Questa è un po' scandalosa....non ti sei mai chiesto perché su gentoo se devi installare roba tipo gcc,glibc,kdelibs,qt ci vogliono ore mentre su una debian-based un apt-get install ci mette pochi secondi?  :Very Happy: 

----------

## mrkrash

 *alessandro95 wrote:*   

> XD slackware mi sono sbagliato a segnarlo nella domanda.
> 
> ...
> 
> 

 

o forse, in cuor tuo, sapevi che anche la slackware è una delle più veloci anche se compilate per 486, ma comunque molto stabile e personalizzabile. (quest'ultimo punto è vero in base alla conoscenza ed all'esperienza che hai del sistema e dei pacchetti che ti interessano)

----------

## xdarma

 *alessandro95 wrote:*   

> volevo sapere e togliermi una curiosità , ho scelto di installare una di queste 2 grandissime distro linux , ma quale?

 

Non so quanto tempo tu abbia a disposizione per scegliere, ma perché non istallarle tutte e tre?

Mi spiego  meglio.

Se non devi scegliere in poco tempo puoi fare tutte le prove che vuoi, non è come come con windows o macosx: prendere o lasciare.

Hai installato *buntu e ti viene l'orticaria? La pialli e carichi OpenSuSE.

Anche il ramarro ti straccia i maroni? Disinfetti e ti spadelli Fedora.

Per non parlare delle derivate che moltiplicano ancor di più la scelta.

Tutto sommato ti basta una partizione per i dati che non vuoi perdere tra una installazione e l'altra e moooolto tempo a disposizione.

Pensalo come un corso su linux gratis  ;-)
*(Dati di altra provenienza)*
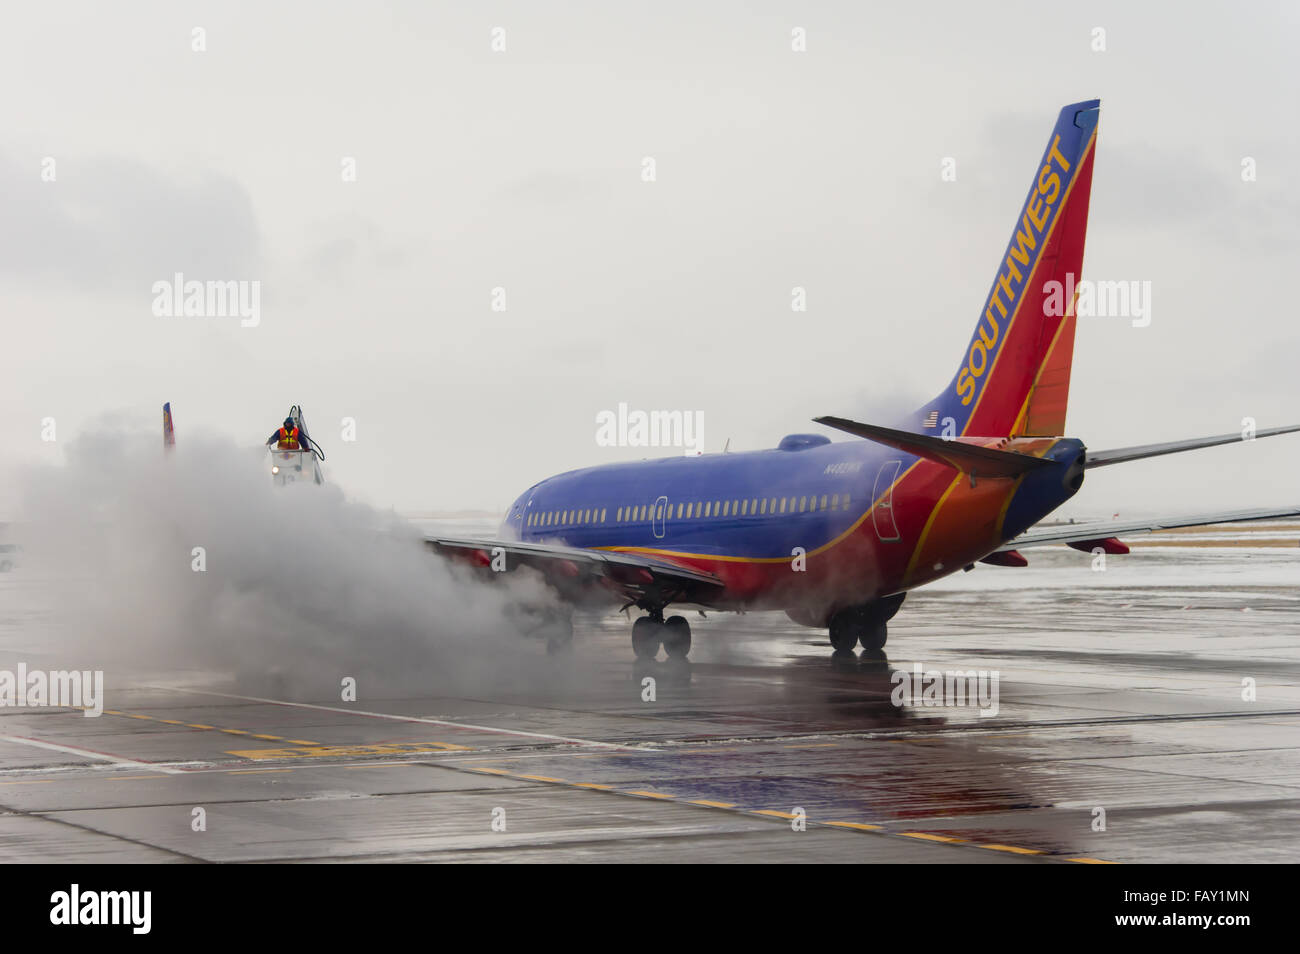 De-icing crews spray chemical on a Southwest Airlines aircraft at Denver International Airport, Denver, Colorado, USA Stock Photo

Comincia con Slackware e ti imponi di mollarla dopo 2 settimane, ad Arch dedichi 4 settimane, a gentoo... un paio d'anni  :-D

Dopo puoi decidere obiettivamente.

E intanto hai imparato un sacco di cose e sai cosa vuoi.
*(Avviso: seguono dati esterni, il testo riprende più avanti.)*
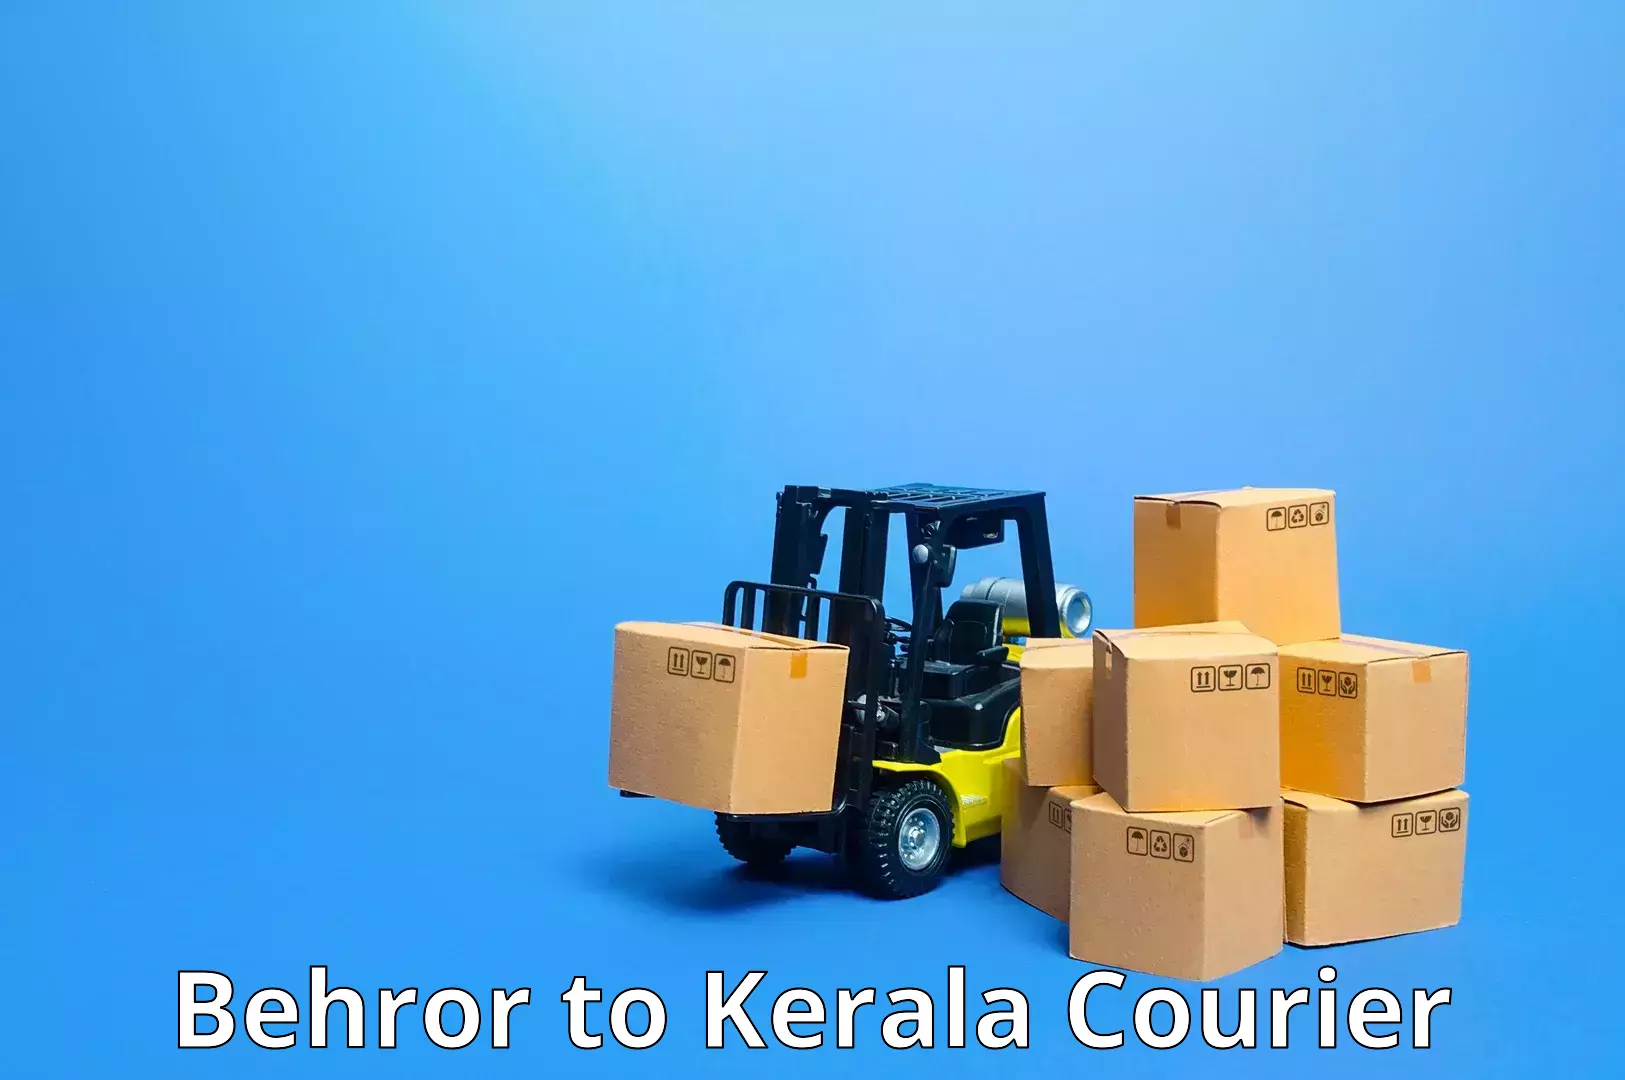 24-hour courier service in Behror to Pandikkad

Ovviamente parto dal presupposto che tu abbia tempo e curiosità  ;-)

 *alessandro95 wrote:*   

> rispondete vi prego

 

Lassa perdere la religgione che c'hai abbastanza casini coi compiuter  :-)

----------

## lucapost

xdarma +++

erano anni che non leggevo un risposta come questa.

----------

## marziods

xdarma... hai dimenticato Linux From Scratch... dopo gentoo ovviamente e tempo permettendo  :Razz: 

mandi mandi

----------

## xdarma

 *marziods wrote:*   

> xdarma... hai dimenticato Linux From Scratch... dopo gentoo ovviamente e tempo permettendo :P
> 
> mandi mandi

 

Nel mio caso, dopo lrs-linux e gentoo ho deciso che di source-based ne avevo provate abbastanza  ;-)

Ciao

----------